Politics Take Center-Stage at the Grammy Awards

By: Meghan Malas

This past February 12, the highly anticipated Grammy Awards dominated the attention of evening viewers. Plenty of popular artists like Beyonce, Adele, Bruno Mars, Lady Gaga, and Chance the Rapper performed their hits from the past year, as well as covers from other musicians. Subtle political themes appeared, as artists like Katy Perry and Beyonce promoted messages of unity and strength, and Jennifer Lopez declared: “There is no time for despair, no place for self-pity, no need for silence and no room for fear. We do language. That is how civilizations heal. So tonight, we celebrate our most universal language, music, as we honor the voices of the past and the present” (NBC News).

The tip-toeing around the mention of the controversy surrounding the new administration continued until famed rap group, A Tribe Called Quest, began their performance. The group, consisting of Q-Tip, Ali Shaheed Muhammad, Jarobi White, along with independent artists Consequence, Anderson.Paak and Busta Rhymes, dedicated their performance to Phife Dawg, a former member of A Tribe Called Quest that passed this year. Busta Rhymes announced, “I’m not feeling the political climate right now. I just want to thank President Agent Orange for perpetuating all of the evil that you’ve been perpetuating throughout the United States. I want to thank President Agent Orange for your unsuccessful attempt at the Muslim ban.

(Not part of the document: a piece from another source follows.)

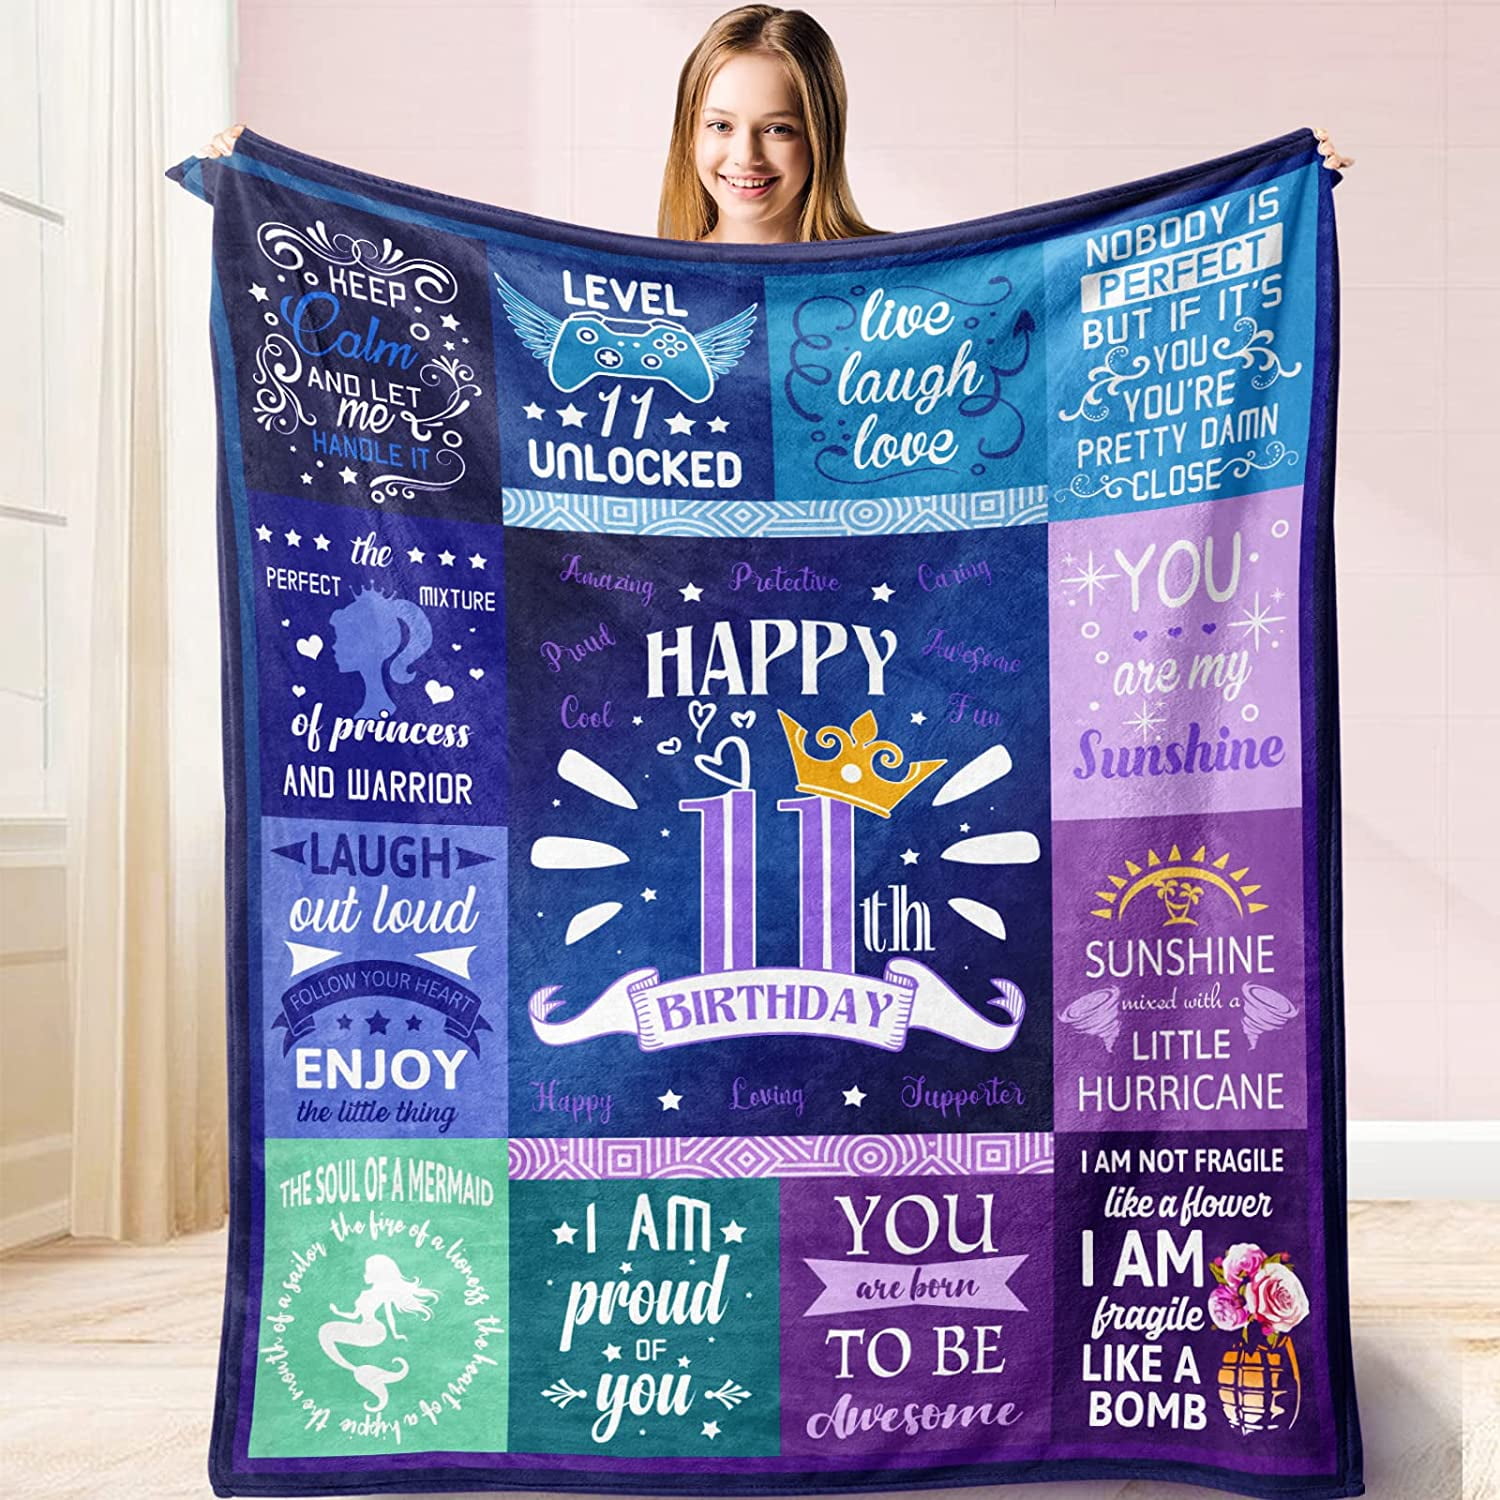 Rqhoqci 11 Year Old Girl Gift Ideas, Gifts for 11 Year Old Girls Blanket,  Birthday Gifts for 11 Year Old Girls, 11th Birthday Gift for Girls, 11th

When we come together — we the people!” during the performance of “We the People,” a song on the group’s latest album. Q-Tip held the hand of a young hijab-wearing Muslim girl as a diverse crowd of people joined the stage. They all held protest signs which directly addressed President Trump’s Muslim ban. The artists concluded their performance, fists high, and chanting a single word: “Resist! Resist! Resist!” After the appearance, social media exploded with commentary about the controversial messages delivered at the awards show, and the artists themselves. Debate of whether the music award platform was appropriate for such discourse persists.